Question: Please solve the following 2 questions and explain the steps to me and show work. I can tip via paypal or w/e is easy for

Please solve the following 2 questions and explain the steps to me and show work. I can tip via paypal or w/e is easy for you.

Following lease footnote disclosure is provided by the Company:

Note 5.Lease Commitments

The Company leases some of its facilities and equipment under various operating and capital leases.The lease agreements frequently include renewal and purchase provisions and require the Company to pay taxes, insurance, and maintenance costs.

Total rental expense under operating leases was $11,244,000, $9,986,000, and $8,854,000 in 2014, 2015, and 2016, respectively.

The following is a schedule of future minimum lease payments under capital leases and rental payments required under long-term operating leases at the end of the 2016 fiscal year (in $ thousands):

Fiscal years

Operating Leases

Capital leases

2017

$8,494

$121

2018

6,835

2019

4,952

2020

4,740

2021

5,020

Later years

17,850

Total

$47,891

$121

Less amount representing interest

(11)

Present value of minimum lease payments

$110

Assume that all lease payments are made at the end of the year.

(Required)

1.Estimate the interest rate implicit in the company's capital lease obligation.
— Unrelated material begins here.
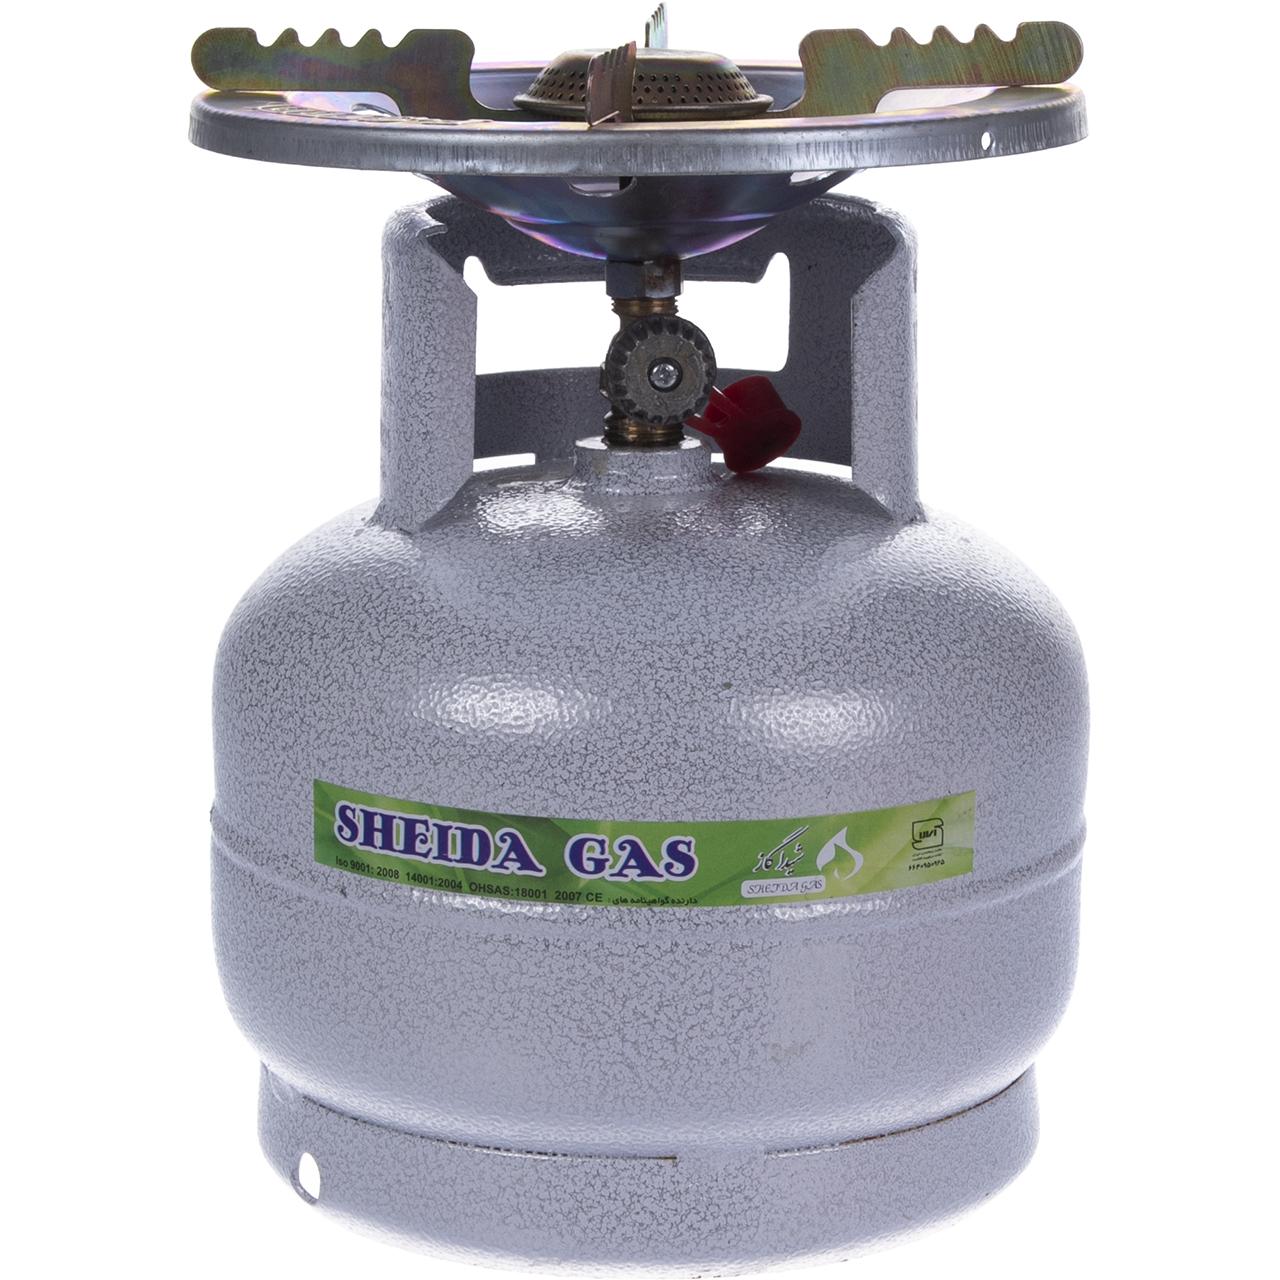 اجاق گاز پيكنيكي شيدا گاز حجم 2.5 كيلوگرم

  1. Use the interest rate in (1) to estimate the present value of the operating lease payments as of the end of the 2016 fiscal year.When doing so, assume that the payments due after 2021 are equal and will be made over a four-year period.
  2. Indicate (higher, lower, or no change) & briefly explain the impact on the Company's 2016 interest coverage, debt-to-equity ratios, ROA, CFO (operating cash flow), and CFF (financing cash flow), if the operating leases were instead accounted for as capital leases in 2016.

Problem 2 (50%)

The following pension footnote disclosure is provided by the Company:

Note 8: Pension

The company has a defined benefit pension plan covering substantially all of its employees.Pension benefits are based on employee service years and the employee's compensation during the last two years of employment.The company contributes annually the maximum amount permitted by the federal tax code.Plan contributions provide for benefits expected to be earned in the future as well as those earned to date.The following reconciles the plan's funded status and amount recognized in the balance sheet at December 31, 2016 ($ in 000s).

Actuarial Present Value Benefit Obligations:

Accumulated benefit obligation (including vested benefits of $318)

$(1,305)

Projected benefit obligation

(1,800)

Plan assets at fair value

1,575

Project benefit obligation in excess of plan assets

$(225)

The Company's comparative I/S reported net periodic pension expense of $108,000 in 2016 and $86,520 in 2015.Since employment has remained fairly constant in recent years, its management expressed concern over the increase in the pension expense.

(Required)

  1. Describe the differences and similarities between ABO and PBO.
  2. Explain how the 'Projected benefit obligation in excess of plan asset' is reported in the financial statement.
  3. With a pressure from earnings target from the market and a possibility of reduced annual bonuses tied to reported earnings, management of the Company may try to sacrifice the quality of reported earnings for the next fiscal year.Identify & briefly explain the actuarial assumption factors that can reduce the reported periodic pension expense.(For example, an increase in discount rate would reduce pension expense, because of lower service cost)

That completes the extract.